NCT number NCT00874796
Other study ID # GS-US-227-0106
Secondary ID
Status Terminated
Phase Phase 2
First received April 2, 2009
Last updated January 3, 2014
Start date May 2009
Est. completion date July 2010

Study information

Verified date January 2014
Source Gilead Sciences
Contact n/a
Is FDA regulated No
Health authority United States: Food and Drug AdministrationGermany: Federal Institute for Drugs and Medical Devices
Study type Interventional

Clinical Trial Summary

This is a Phase 2b, randomized, double-blind, parallel-group, placebo-controlled, multicenter study investigating the safety, tolerability and efficacy of two oral doses of GS-9450 in adults with chronic Hepatitis C Virus (HCV). Approximately 240 subjects 18-65 years of age who meet study entry criteria will be randomized (in other words, selected at random, like flipping a coin) to one of three treatment groups (80 subjects per treatment group) as follows:GS-9450 10 mg once daily,GS-9450 40 mg once daily, or matching placebo once daily.

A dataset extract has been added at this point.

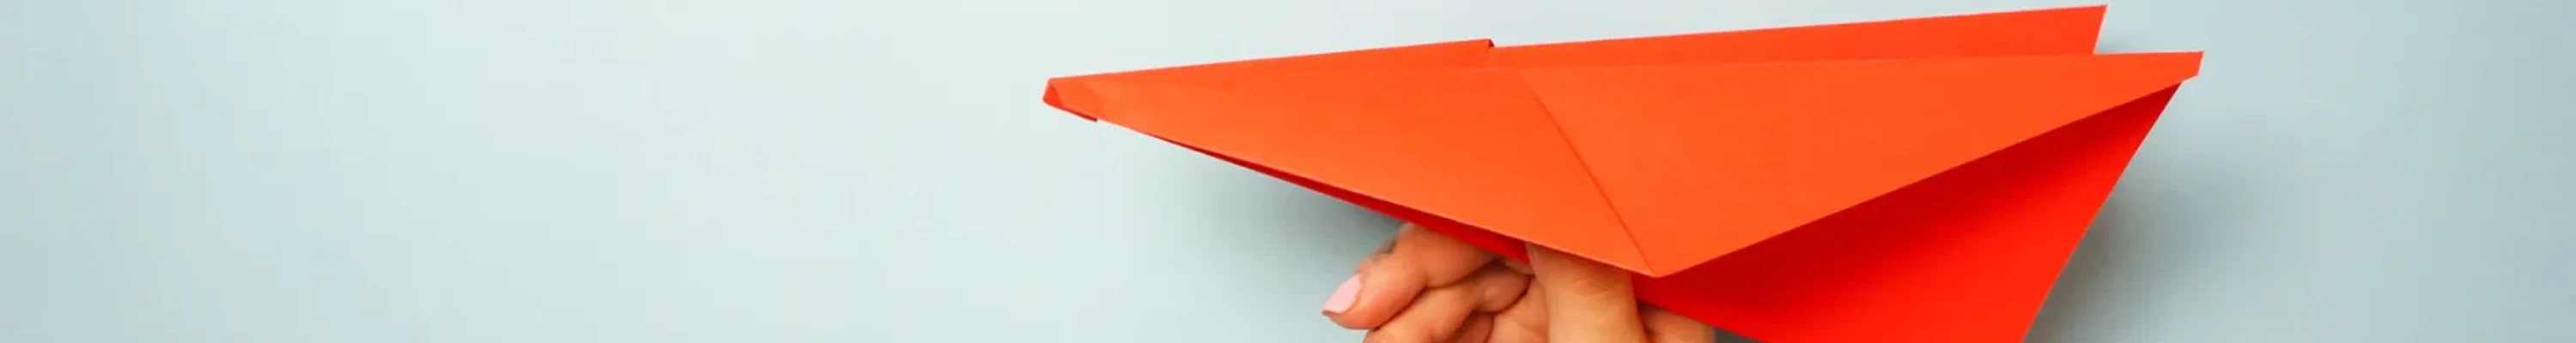 Red paper aeroplane being held

Following randomization, subjects will return within seven business days for a Baseline (Day 1) visit, at which time study medication will be dispensed and subjects will enter a 26 week treatment phase. During the treatment phase, subjects will receive study drug once daily for 24 weeks and then taper off of study drug over the following 2 weeks by receiving study drug once every other day for one week and then every 3 days for one week. Following completion of the treatment phase, subjects will enter a 4-week off-treatment follow-up phase.

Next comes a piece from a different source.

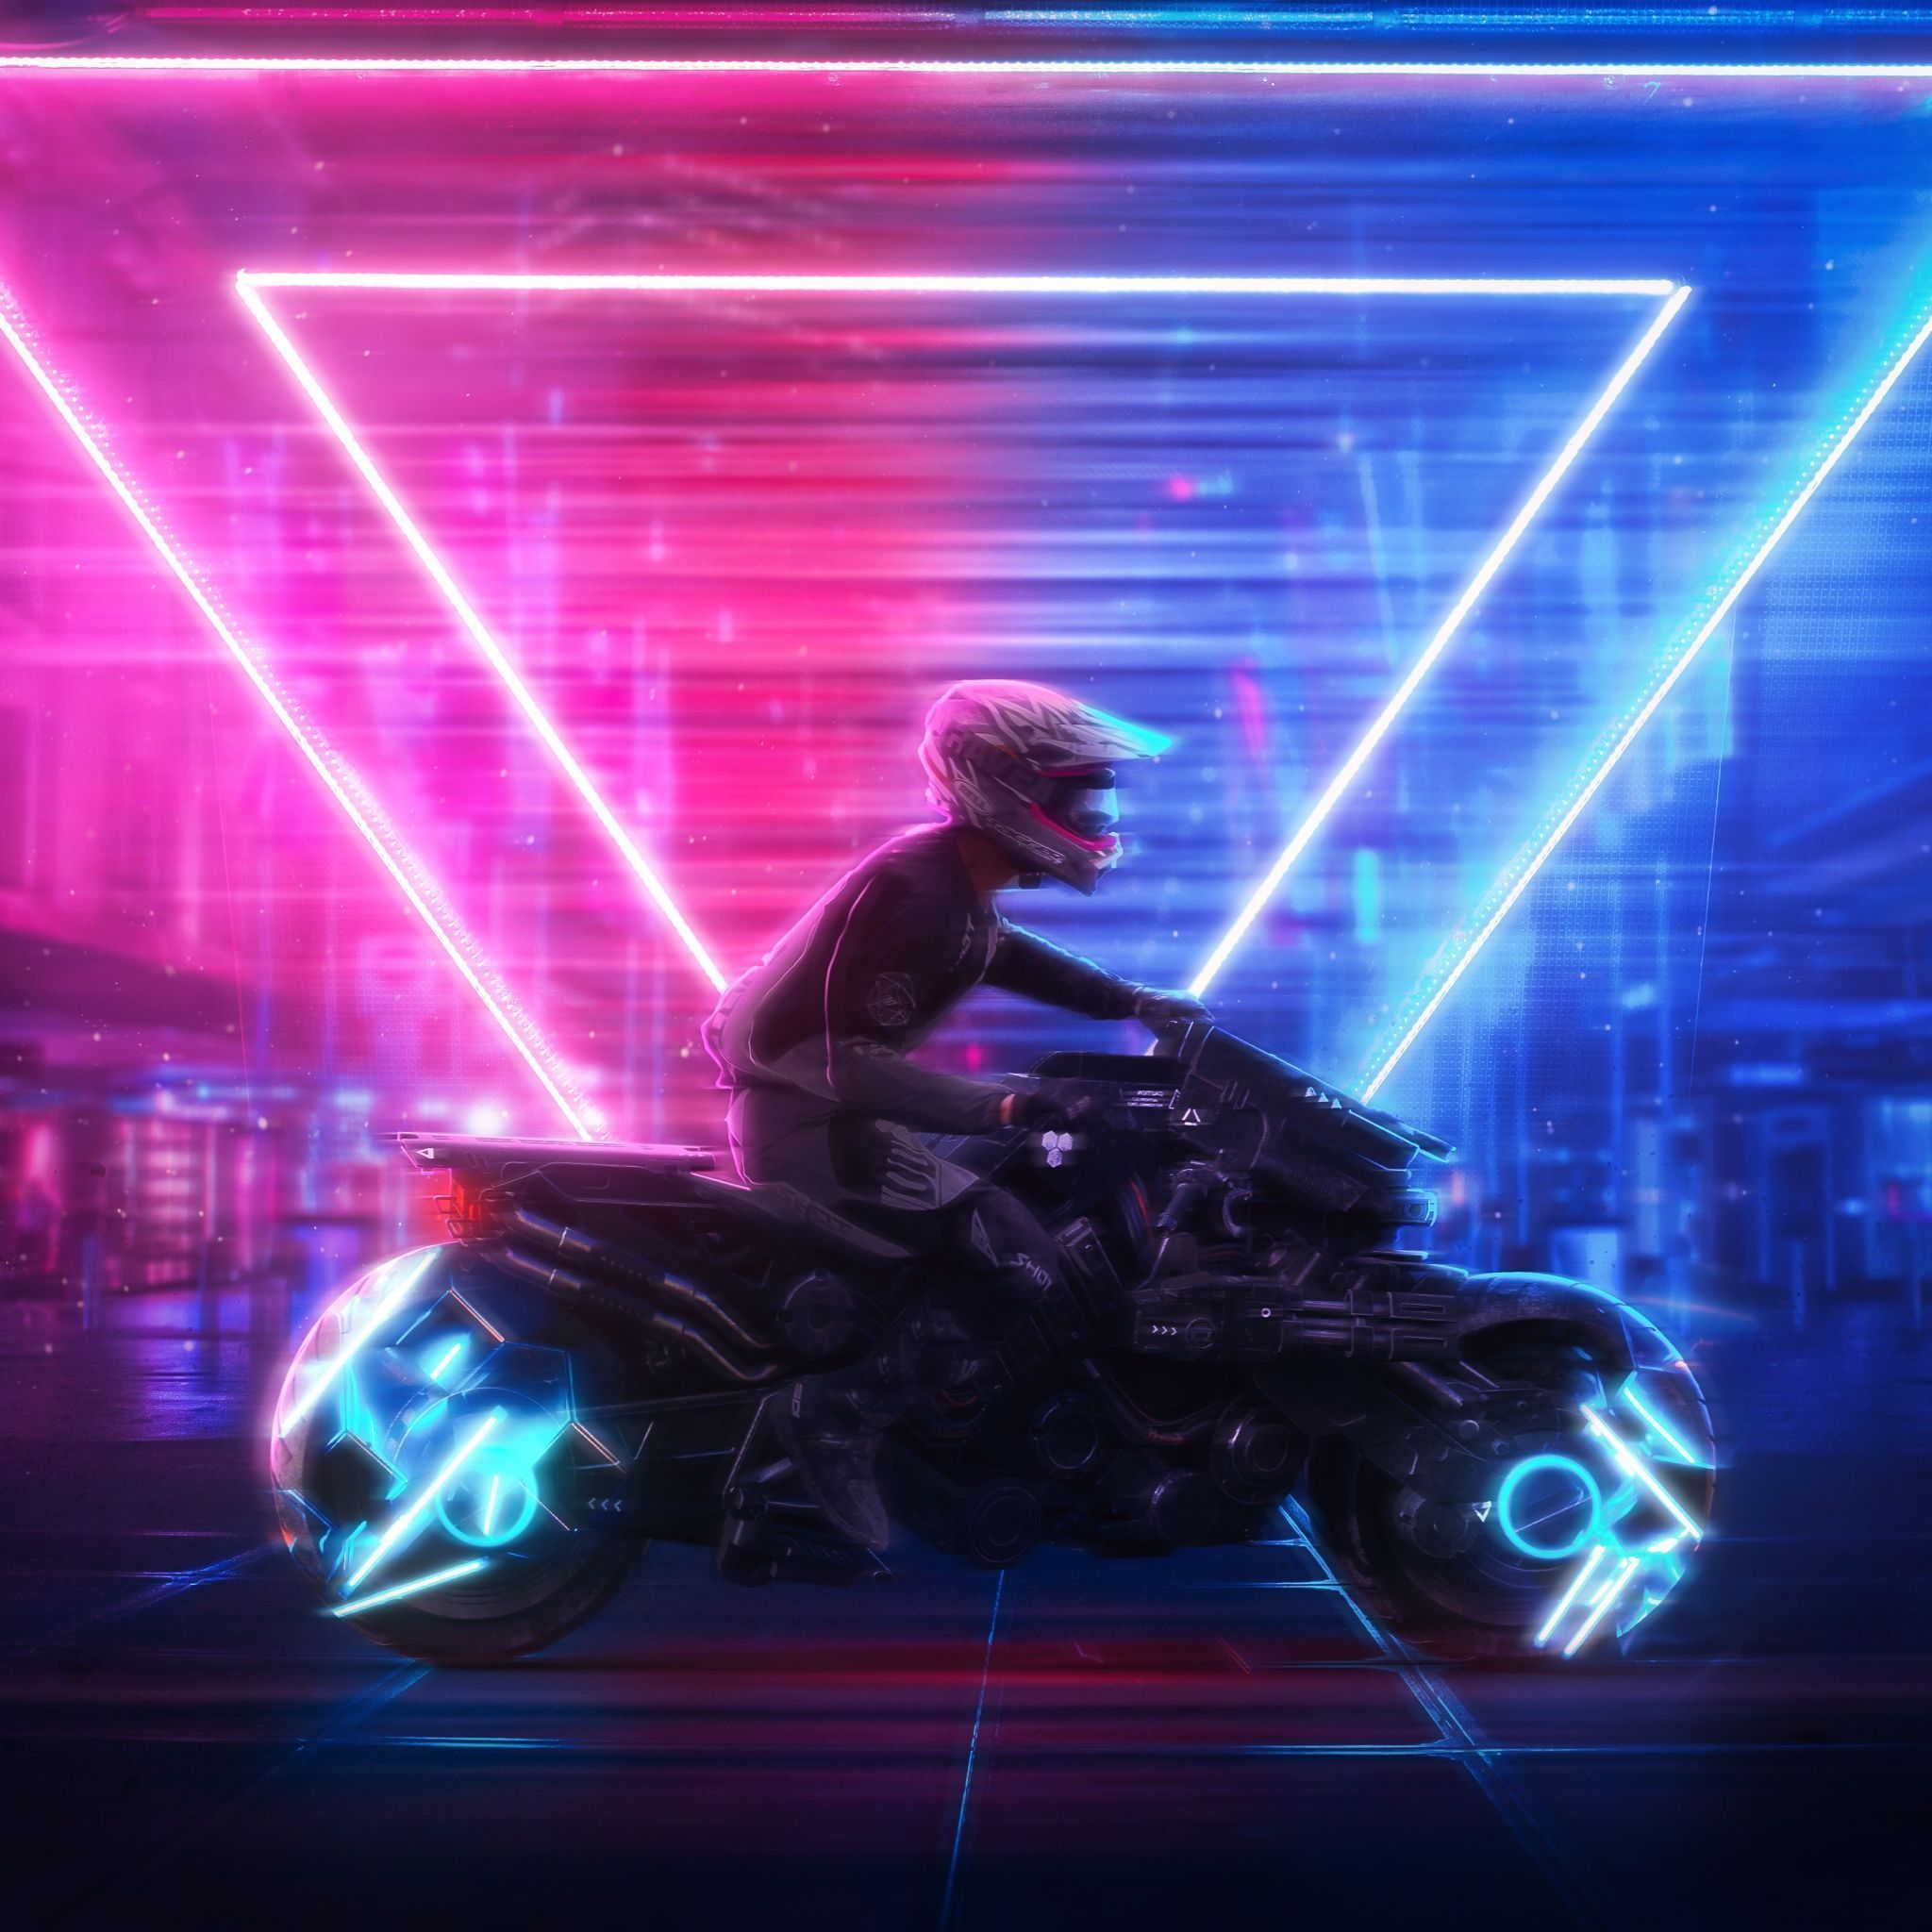 A Cyberpunk wallpaper of a girl riding a motorcycle with neon lights. - Cyberpunk 2077

Recruitment information / eligibility

Status Terminated
Enrollment 307
Est. completion date July 2010
Est. primary completion date April 2010
Accepts healthy volunteers No
Gender Both
Age group 18 Years to 65 Years
Eligibility Inclusion Criteria:

- Adult subjects, ages 18-65

- Chronic HCV infection, defined as having documented HCV infection (antibody or RNA positivity) at least 6 months prior to Baseline (Day 1) with HCV viremia at screening

- Screening Knodell necroinflammatory score >= 3 based on liver biopsy evaluation (as determined by local pathologist) conducted anytime during the 45-day screening period

- ALT > the upper limit of the normal range (ULN) but < 10 X ULN at the screening visit

- Previously failed pegylated interferon-based HCV therapy in combination with ribavirin therapy, or is unable to tolerate or has contraindications to receiving interferon or ribavirin therapy

- BMI between 19 and 36 kg/m2 (inclusive)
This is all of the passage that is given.